‘ stay with me tonight? ’
his first thought is, you don’t mean that. he almost says it, too, because it’s not rafe talking. not really. not the same rafe he spent two solid years with, who pulled him out of a thirteen - year - long hell and made both him and his brother bleed. who managed, somehow, to scrape his way from henry avery’s burning ship by the skin of his goddamned teeth, bones shattered by the brutal weight of obsession made tangible. nathan cut that rope, in more ways than one, even though it was a rope that sam’s machinations gave to him. but nathan was desperate. they were all desperate.
is that an excuse? if it is, sam doesn’t want it. he’s a little burnt out on excuses these days ; penitent men often are.
ironic, all things considered.
it’s not rafe talking, anyway. he knows that. it’s the pain medication, the steady intravenous drip of dilaudid that makes this, temporarily, more bearable. this is a hospital bed, a bleak prognosis, a long cycle of surgery and recovery and surgery and recovery, a lifetime of chronic pain.
two months, going on three, since libertalia. he hasn’t told his brother yet.
not just because nathan still isn’t speaking to him, but that’s certainly part of it. there’s no sense of accomplishment, no victory in something that feels like defeat ; nothing to gain when everything feels like loss. we were meant for this. what a stroke of genius, right? he’s left with that same emptiness, that wide, hollow space, and maybe that’s why he keeps coming back here — why he keeps paying out when the coffers are coming back bare. maybe that’s penance, too.
he looks at his hands, one curled into a loose fist against the bend of his knee. they’re weathered, callused, a little bruised around the knuckles. the fist flexes, curls again. then he looks at the clock on the wall. eight, almost eight - thirty ; not late, but the nurse threw a glance twenty minutes ago that told him he’d overstayed his welcome.

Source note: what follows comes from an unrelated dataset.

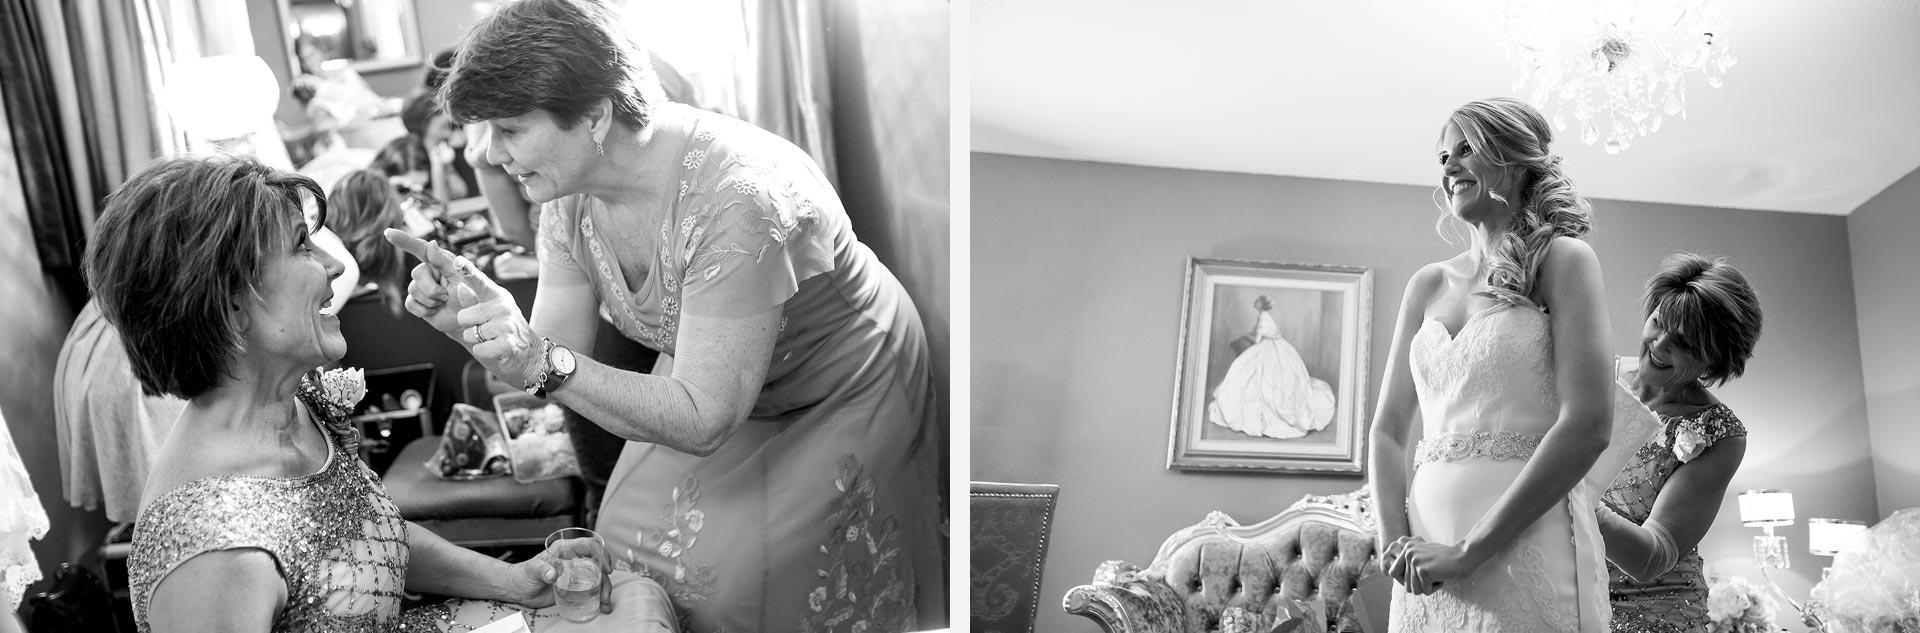 Wedding Photographers in Austin

his eyes were always deep - set, and the crescents underneath them make it look like someone gave him a pair of matching shiners. the curve of his cupid’s bow isn’t a smile, but it’s more relaxed than it would be if he were lucid. off meds, it’s usually drawn tight into a purse or a hard line. it’s softer like this. the sleepy tilt of his gaze is softer like this. the colors in his eyes remind sam of every piece of shitty poetry he’s ever written. stay with me tonight. how long’s rafe been holding that in, he wonders. how long has that, or some variation of that, been lodged in his throat like broken glass? fifteen years? don’t think he never noticed. don’t think for one fucking second that he never noticed.
“what, here? with florence nightingale just waitin’ to get the drop on me? how much you wanna bet she’s got a goddamn scalpel in her scrubs with my name on it.” he offers all that in an absent way, very by - the - numbers, because he’s not committed to it. he doesn’t have the conviction for an easy sell.
when he swallows, the glass is in his throat instead, stuck there, set deep in the meat of his esophagus ; the compulsion to cough is like a boot heel pressing down, but he’s afraid he’ll cough up blood.
that’s what this feels like. choking on his own blood.
rafe’s still watching him with those deep - set, half - lidded eyes, heavy with painkiller. the colors haven’t dulled. he’d have thought they would’ve dulled. there’s a word forming on his mouth and sam doesn’t need to hear it clearly to know it’s his name. just his name. dry, gritty, like he’s trying to speak around a mouthful of sand. and still, somehow, it almost sounds admonishing.
“— yeah.” he blows out a breath, looks at the clock again, looks at the door as though he’s expecting the nurse to come bustling back in. she doesn’t. they’re alone, for now. he shrugs out of his jacket and slings it over the back of a chair, pushes the chair up next to rafe’s bed. as close as he can get, without messing with any of the wires and the tubes and the machines that keep up a steady beep, click, hiss so he doesn’t forget where he is, or where they’ve been, or what they’ve done to get here.
rafe wouldn’t allow this, if he wasn’t doped up. wouldn’t allow the proximity, the soft stares. when sam’s fingers brush his, where his hand’s laid flat next to him over the blanket, he’d probably flinch away. he goes from that, the benediction of touch, to something a little more solid. a press of his palm, the gentle curve of his grip. something rafe can deny later, if he wants to.
“yeah,” he repeats, quieter. “got nowhere else to be, remember?”
he means, if i didn’t want to be here, i wouldn’t be here. he means, i could’ve left a hundred times over and didn’t, so what does that tell you?